Nearly a year ago Coin Center released a report highlighting a looming ambiguity in FinCEN’s interpretation of federal anti-money-laundering laws: whether or not token sellers are money transmitters who are subject to the Bank Secrecy Act and need to do “know your customer” compliance with respect to their buyers, and arguing that any such interpretation would require formal rulemaking. We issued the report in part because we felt that the separate but related discussion over whether token sellers might be issuing securities had overshadowed this issue and left many unaware of the serious legal consequences that could stem from potentially violating the Bank Secrecy Act rather than the Securities Acts.

As it happens, our concerns were well-founded. Today FinCEN released a letter to Senator Ron Wyden clearly indicating that they interpret the relevant laws and regulations such that token sellers are money transmitters:

A developer that sells convertible virtual currency, including in the form of ICO coins or tokens, in exchange for another type of value that substitutes for currency is a money transmitter and must comply.

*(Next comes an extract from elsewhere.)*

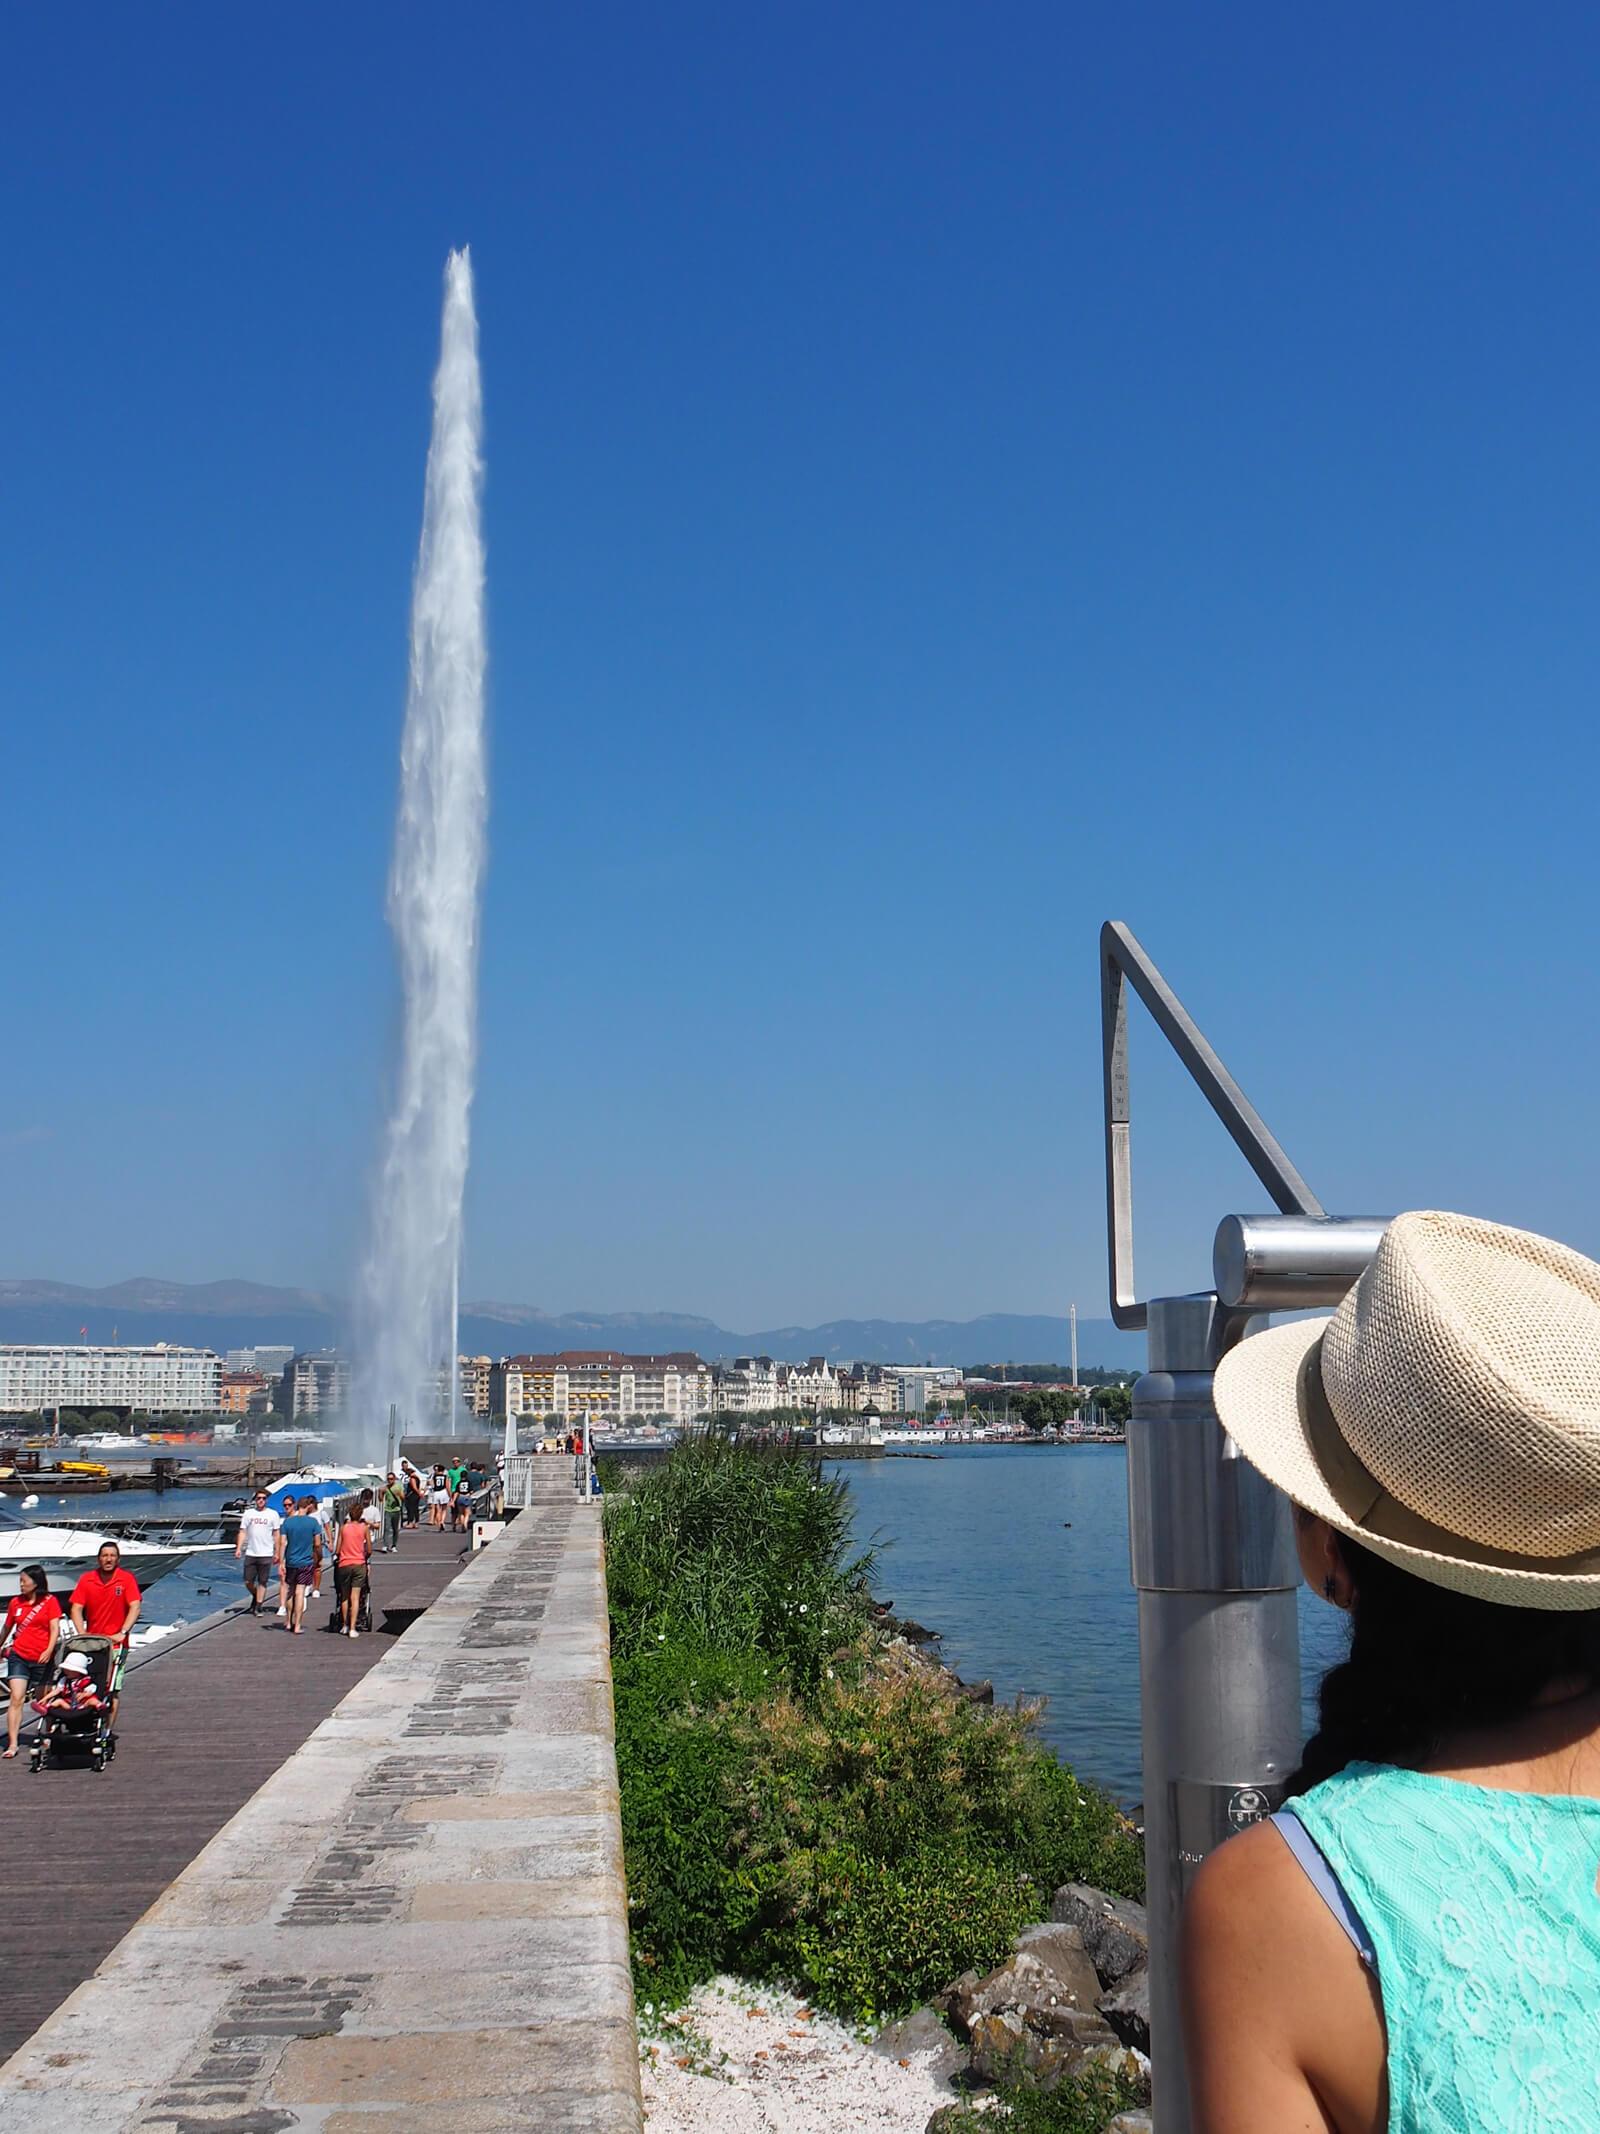 Jet d'Eau Water Fountain in Geneva, Switzerland

Make no mistake, this is a highly consequential interpretation. Accordingly, any group or individual developer who both (A) sold newly created tokens to buyers (i.e. had an ICO) involving U.S. residents and (B) failed to register with FinCEN as a money transmitter,and perform the associated compliance KYC/AML obligations, can be charged under a federal felony criminal statute, 18 U.S.C § 1960, with unlicensed money transmission. If found guilty one could face up to five years in prison. Criminal liability may also extend to employees of, and investors in, the business that sold the tokens.

There are important public policy questions at stake here:

  1. Is it wise or appropriate under relevant administrative law to make this substantial change/clarification in interpretation through a letter to a member of Congress interpreting guidance, rather than a public rulemaking or new legislation?
  2. Is it constitutional to mandate private data collection from people who are not financial intermediaries in the traditional sense, and may be better analogized to persons selling a new invention to buyers in a person to person transaction?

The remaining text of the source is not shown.